[Opening DATA FOR REVIEW section]
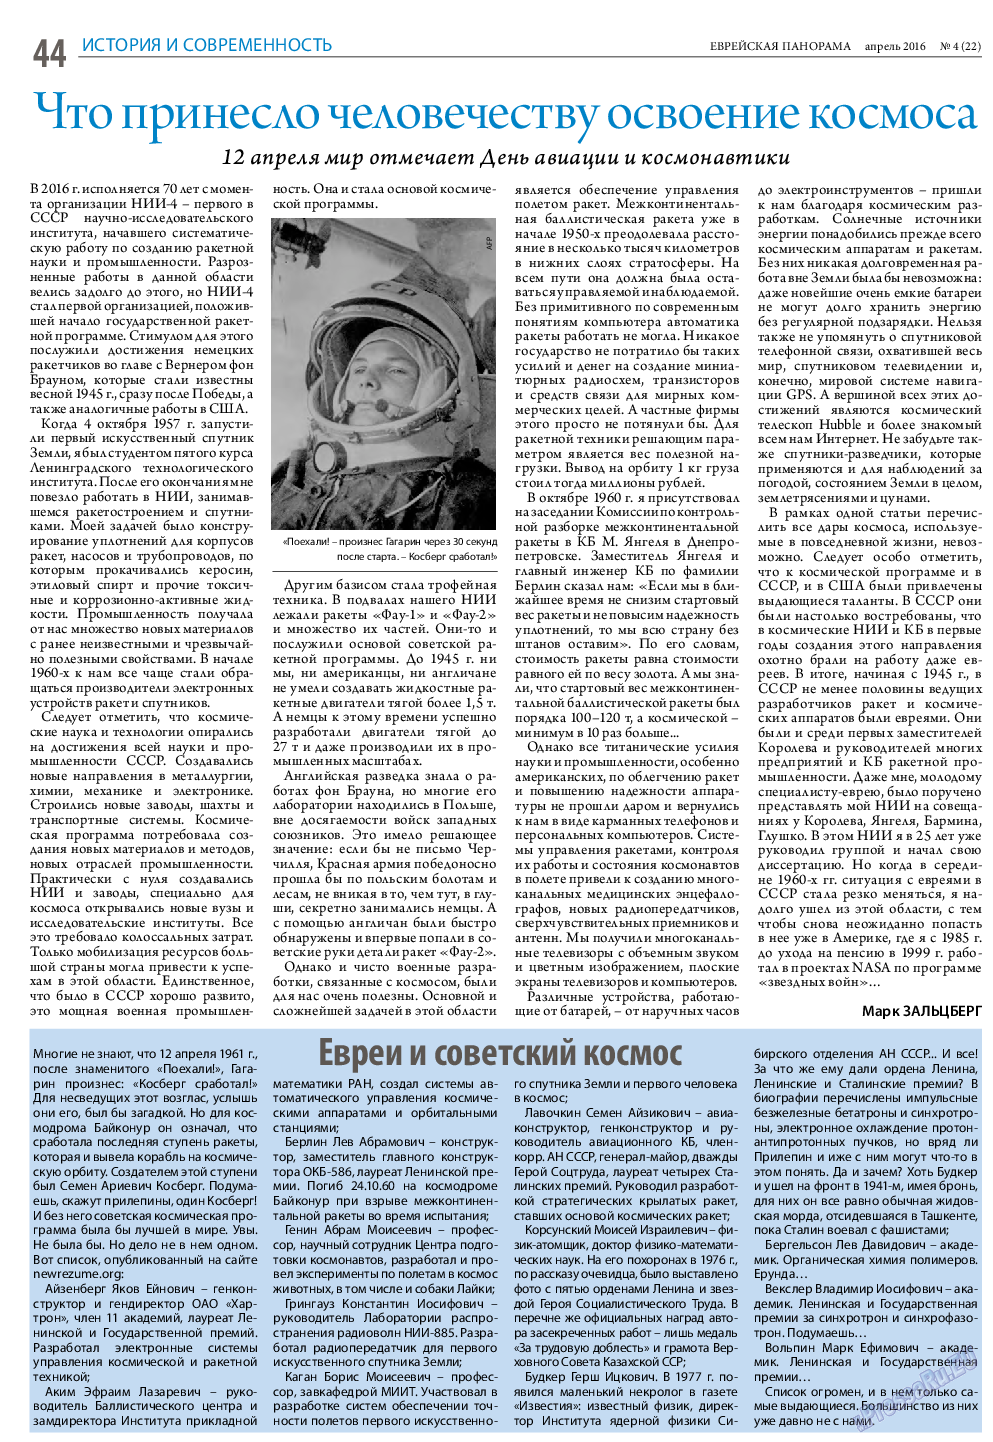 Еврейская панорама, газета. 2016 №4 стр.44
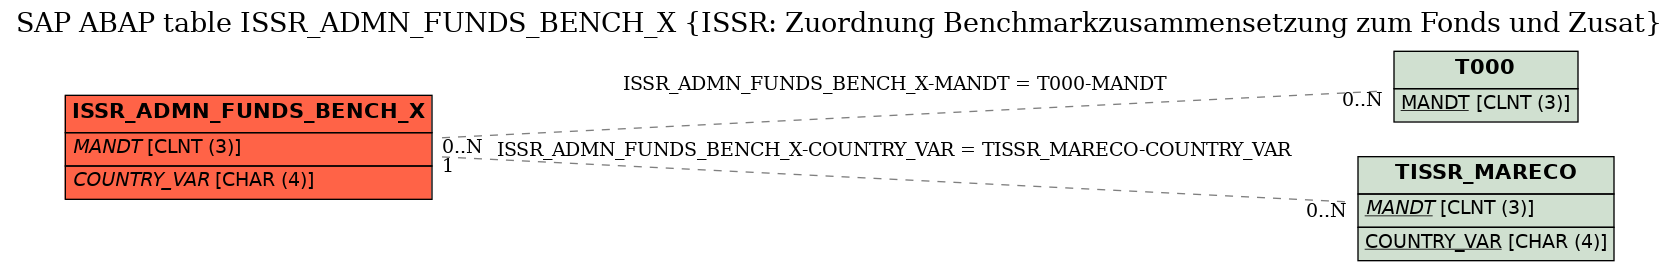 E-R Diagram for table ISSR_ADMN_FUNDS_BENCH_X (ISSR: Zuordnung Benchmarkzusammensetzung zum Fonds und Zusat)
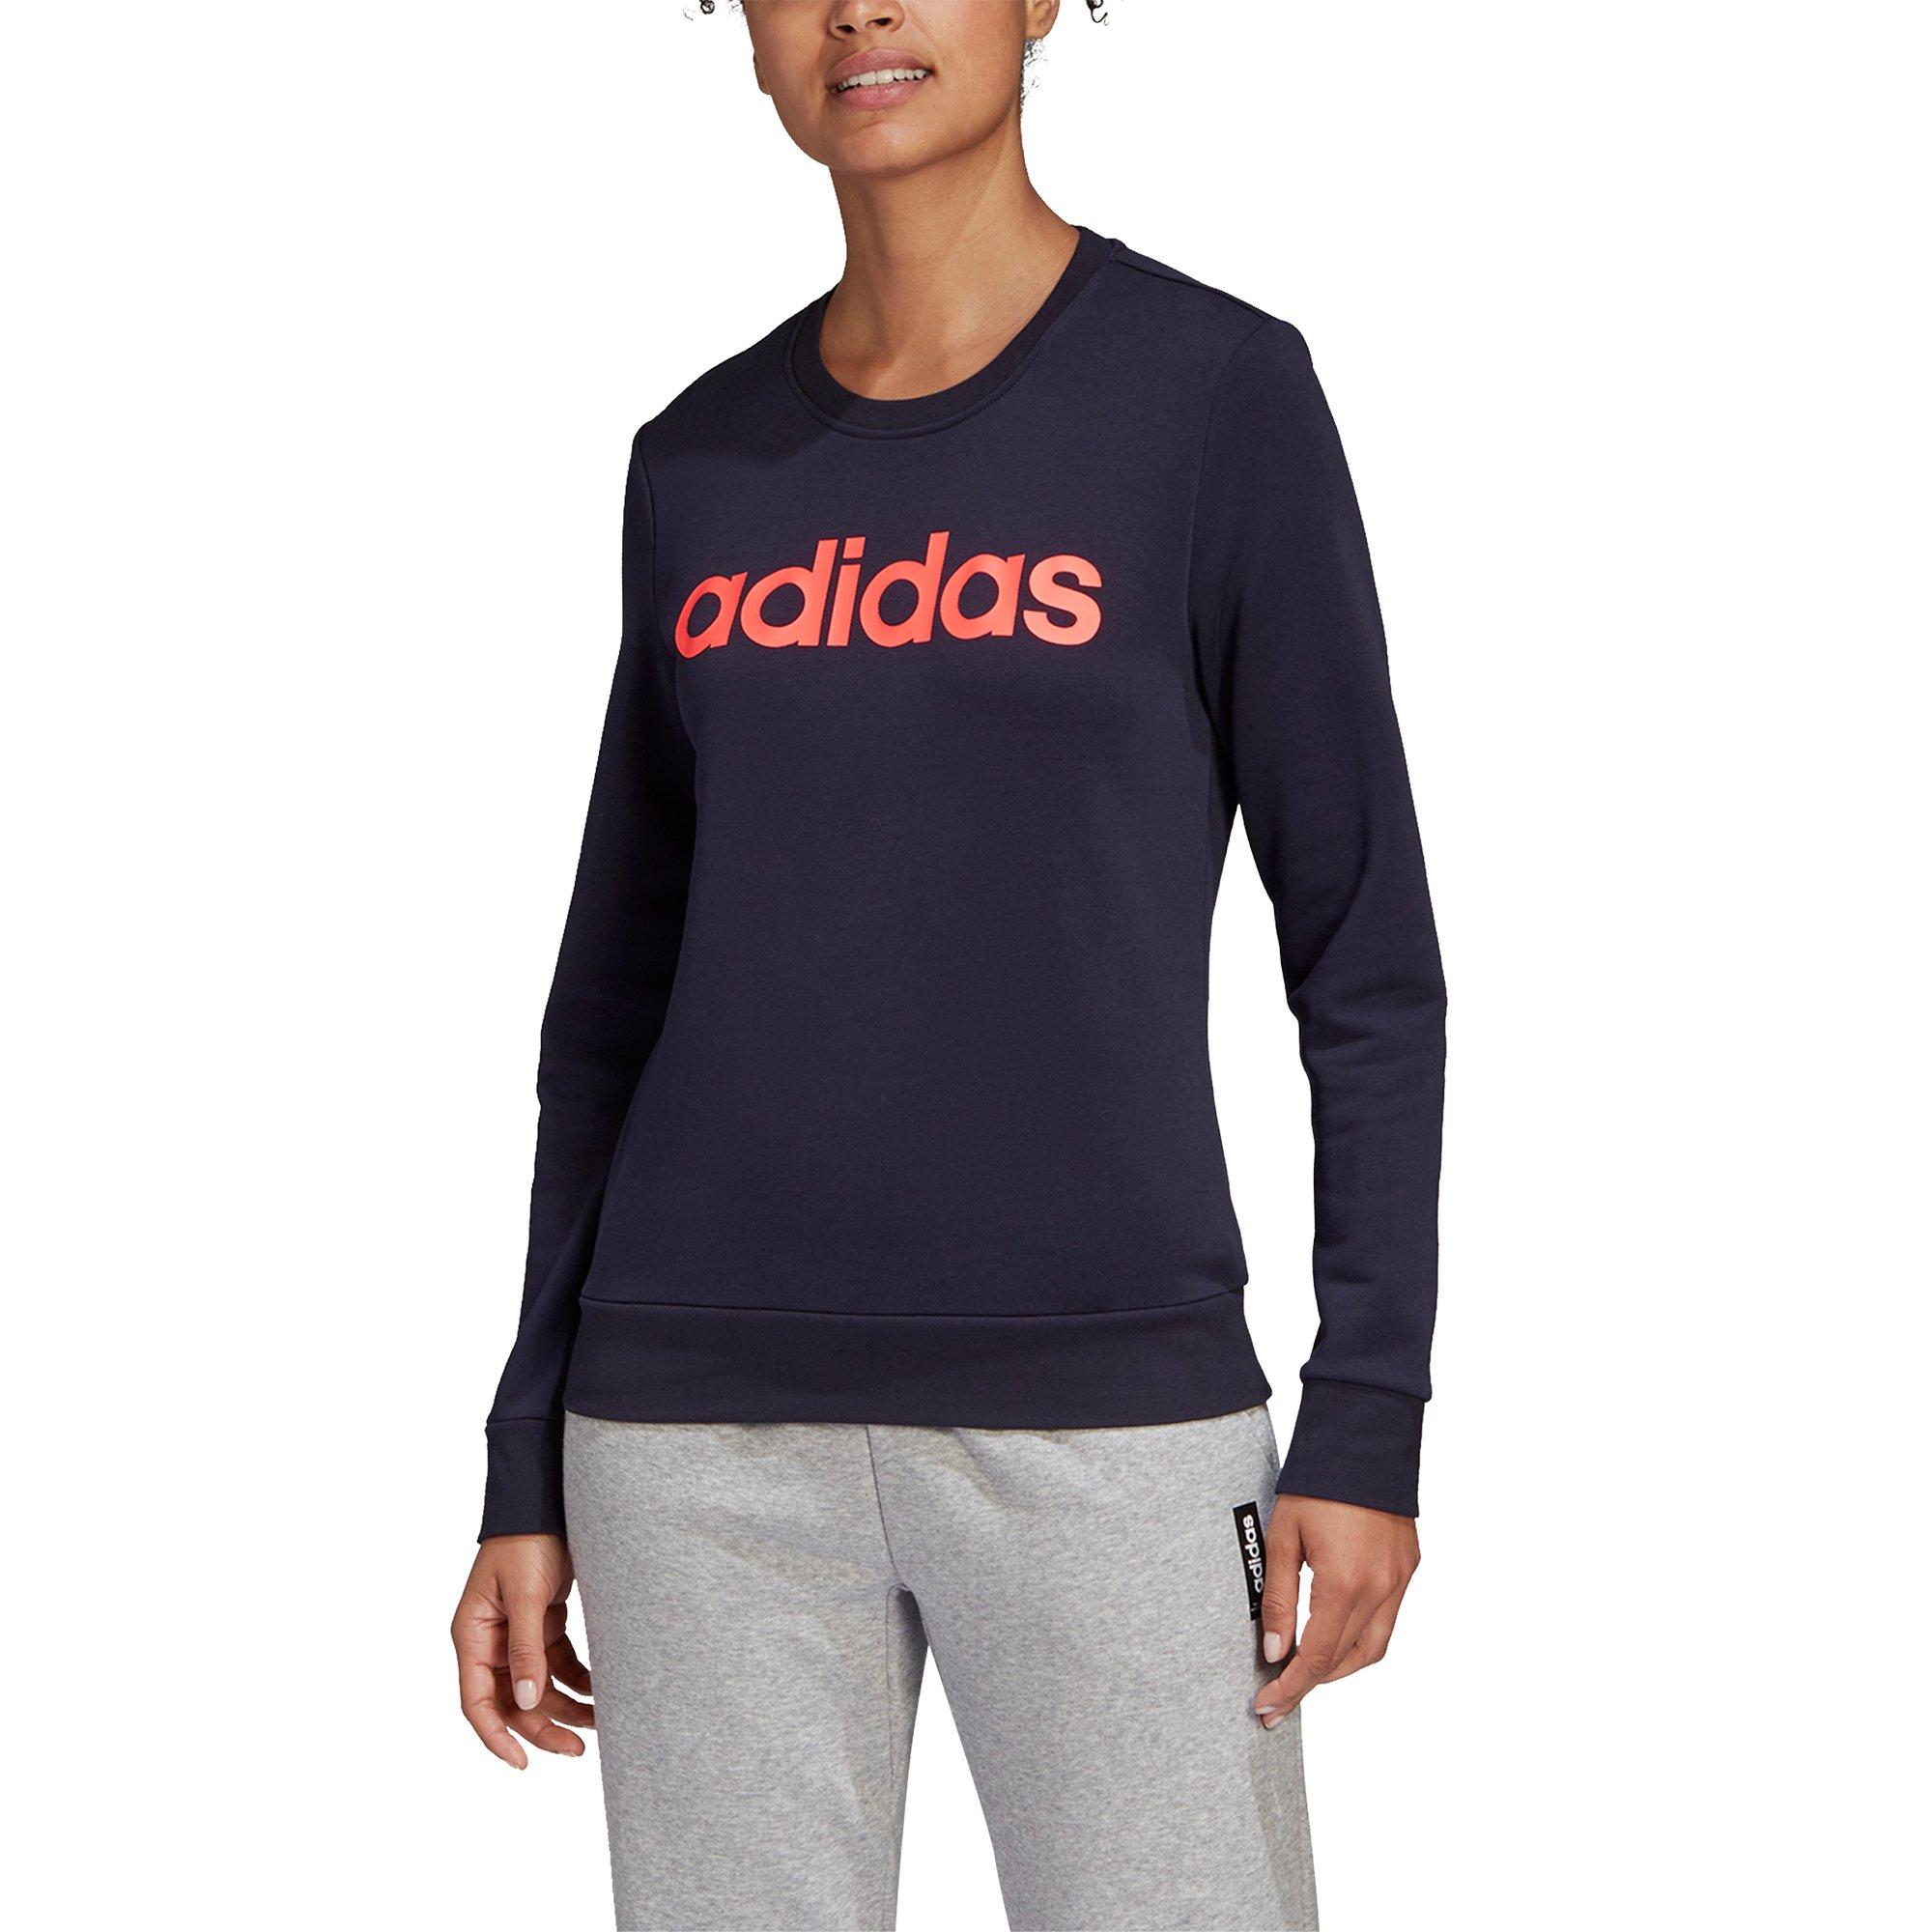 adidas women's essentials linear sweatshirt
[Closing DATA FOR REVIEW section]
[Opening DATA FOR REVIEW section]
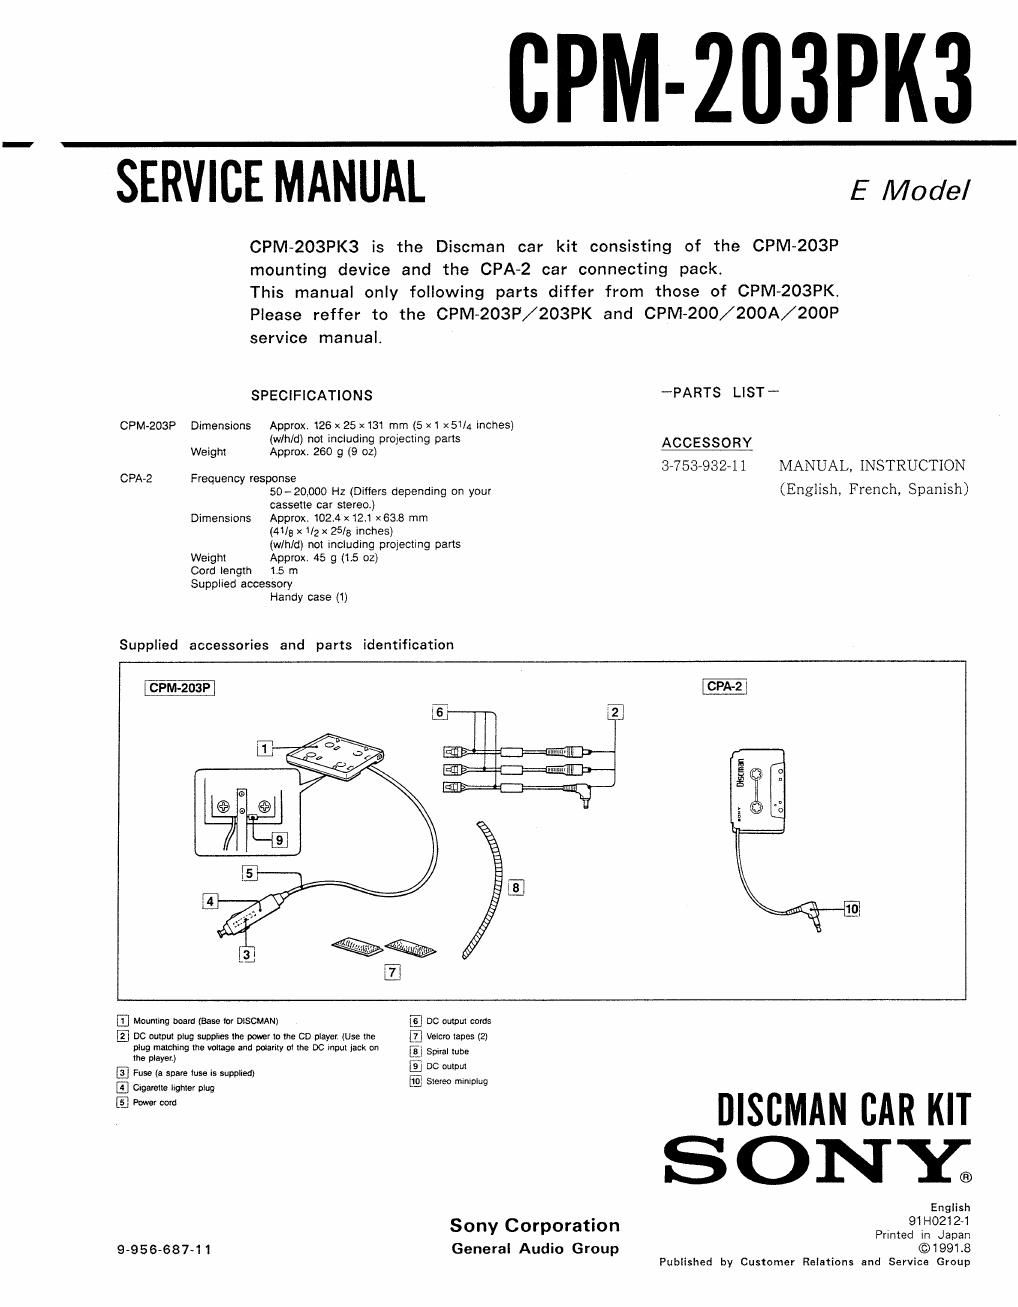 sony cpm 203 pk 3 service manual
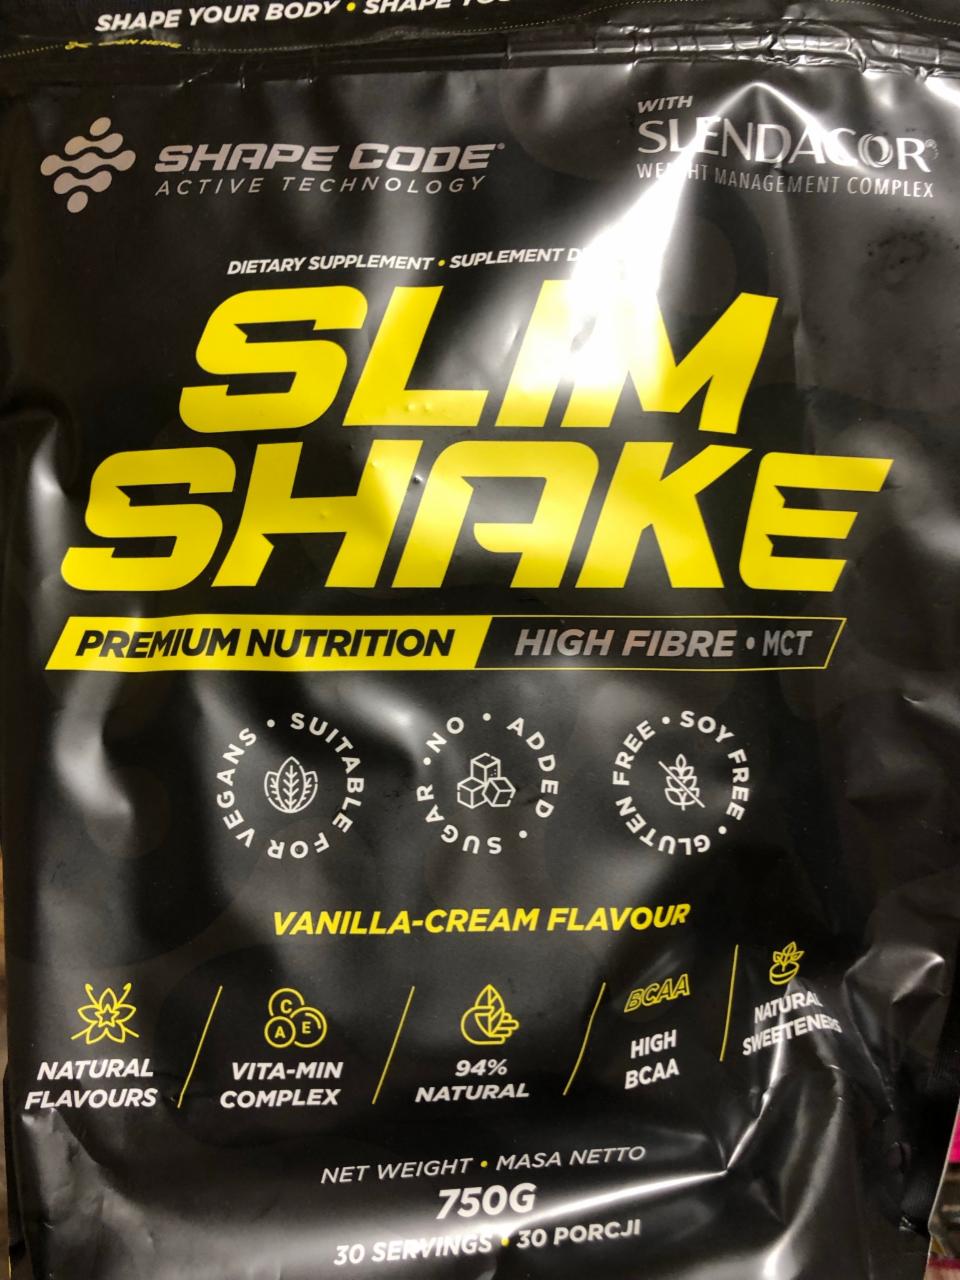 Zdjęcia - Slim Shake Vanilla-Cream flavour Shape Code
[Closing DATA FOR REVIEW section]
● **BRIEF**:
What is needed is an exact copy of the lines above, from the one holding "Еврейская панорама, газета. 2016 №4 стр.44" down to the one holding "adidas women's essentials linear sweatshirt", with those two included and the pictures left out.

● **PROBLEM SOLUTION**:
 Еврейская панорама, газета. 2016 №4 стр.44
 E-R Diagram for table ISSR_ADMN_FUNDS_BENCH_X (ISSR: Zuordnung Benchmarkzusammensetzung zum Fonds und Zusat)
 adidas women's essentials linear sweatshirt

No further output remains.